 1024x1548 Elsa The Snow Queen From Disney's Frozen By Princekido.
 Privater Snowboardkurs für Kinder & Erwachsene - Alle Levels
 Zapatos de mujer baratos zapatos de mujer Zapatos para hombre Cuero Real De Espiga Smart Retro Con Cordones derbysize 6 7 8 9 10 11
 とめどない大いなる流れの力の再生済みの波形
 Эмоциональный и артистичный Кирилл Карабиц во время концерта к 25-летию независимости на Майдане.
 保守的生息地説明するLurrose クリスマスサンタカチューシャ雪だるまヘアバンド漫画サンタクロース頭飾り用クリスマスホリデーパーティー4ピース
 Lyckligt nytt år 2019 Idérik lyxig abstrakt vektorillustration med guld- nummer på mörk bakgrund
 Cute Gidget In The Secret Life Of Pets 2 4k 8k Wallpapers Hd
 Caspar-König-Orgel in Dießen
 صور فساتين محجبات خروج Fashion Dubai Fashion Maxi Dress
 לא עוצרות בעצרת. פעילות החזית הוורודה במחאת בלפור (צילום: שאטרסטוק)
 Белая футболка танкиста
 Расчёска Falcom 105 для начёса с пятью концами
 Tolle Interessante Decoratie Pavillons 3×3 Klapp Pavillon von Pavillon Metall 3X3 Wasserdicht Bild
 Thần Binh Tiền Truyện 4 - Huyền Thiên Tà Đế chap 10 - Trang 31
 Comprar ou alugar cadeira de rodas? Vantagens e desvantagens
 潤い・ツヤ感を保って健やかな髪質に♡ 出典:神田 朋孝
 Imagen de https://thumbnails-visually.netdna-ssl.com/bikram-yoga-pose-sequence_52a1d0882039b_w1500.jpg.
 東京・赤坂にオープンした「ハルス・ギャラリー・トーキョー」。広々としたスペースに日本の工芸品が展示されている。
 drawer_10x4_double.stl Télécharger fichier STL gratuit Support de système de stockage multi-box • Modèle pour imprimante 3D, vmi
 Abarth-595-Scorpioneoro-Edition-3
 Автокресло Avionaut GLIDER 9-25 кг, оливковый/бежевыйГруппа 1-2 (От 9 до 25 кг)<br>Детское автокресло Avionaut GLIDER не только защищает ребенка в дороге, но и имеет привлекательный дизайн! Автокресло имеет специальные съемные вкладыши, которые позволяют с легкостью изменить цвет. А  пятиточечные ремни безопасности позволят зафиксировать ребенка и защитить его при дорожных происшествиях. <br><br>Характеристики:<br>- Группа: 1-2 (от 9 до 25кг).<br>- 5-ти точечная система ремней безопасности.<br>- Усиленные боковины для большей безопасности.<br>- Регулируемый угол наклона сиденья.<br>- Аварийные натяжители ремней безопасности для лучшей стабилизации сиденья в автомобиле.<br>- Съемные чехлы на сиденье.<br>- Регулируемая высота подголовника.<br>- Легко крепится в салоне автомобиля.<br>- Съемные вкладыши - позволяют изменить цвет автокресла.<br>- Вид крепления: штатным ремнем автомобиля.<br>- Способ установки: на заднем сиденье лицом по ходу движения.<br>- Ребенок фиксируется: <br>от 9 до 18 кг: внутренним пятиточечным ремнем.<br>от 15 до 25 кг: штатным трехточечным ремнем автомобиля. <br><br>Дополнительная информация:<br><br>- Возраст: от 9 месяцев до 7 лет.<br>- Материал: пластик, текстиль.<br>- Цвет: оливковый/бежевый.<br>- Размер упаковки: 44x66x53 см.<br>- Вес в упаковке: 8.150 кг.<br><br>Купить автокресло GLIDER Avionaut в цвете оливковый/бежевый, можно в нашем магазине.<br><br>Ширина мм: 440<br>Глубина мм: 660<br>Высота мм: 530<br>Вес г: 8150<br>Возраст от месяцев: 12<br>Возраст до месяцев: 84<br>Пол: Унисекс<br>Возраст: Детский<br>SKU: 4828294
################
ACTIVITY
Please make an exact copy of the lines above from the line with "Cute Gidget In" through the line with "Abarth-595-Scorpioneoro-Edition-3", both ends included.

SOLUTION FOR THIS EXERCISE
 Cute Gidget In The Secret Life Of Pets 2 4k 8k Wallpapers Hd
 Caspar-König-Orgel in Dießen
 صور فساتين محجبات خروج Fashion Dubai Fashion Maxi Dress
 לא עוצרות בעצרת. פעילות החזית הוורודה במחאת בלפור (צילום: שאטרסטוק)
 Белая футболка танкиста
 Расчёска Falcom 105 для начёса с пятью концами
 Tolle Interessante Decoratie Pavillons 3×3 Klapp Pavillon von Pavillon Metall 3X3 Wasserdicht Bild
 Thần Binh Tiền Truyện 4 - Huyền Thiên Tà Đế chap 10 - Trang 31
 Comprar ou alugar cadeira de rodas? Vantagens e desvantagens
 潤い・ツヤ感を保って健やかな髪質に♡ 出典:神田 朋孝
 Imagen de https://thumbnails-visually.netdna-ssl.com/bikram-yoga-pose-sequence_52a1d0882039b_w1500.jpg.
 東京・赤坂にオープンした「ハルス・ギャラリー・トーキョー」。広々としたスペースに日本の工芸品が展示されている。
 drawer_10x4_double.stl Télécharger fichier STL gratuit Support de système de stockage multi-box • Modèle pour imprimante 3D, vmi
 Abarth-595-Scorpioneoro-Edition-3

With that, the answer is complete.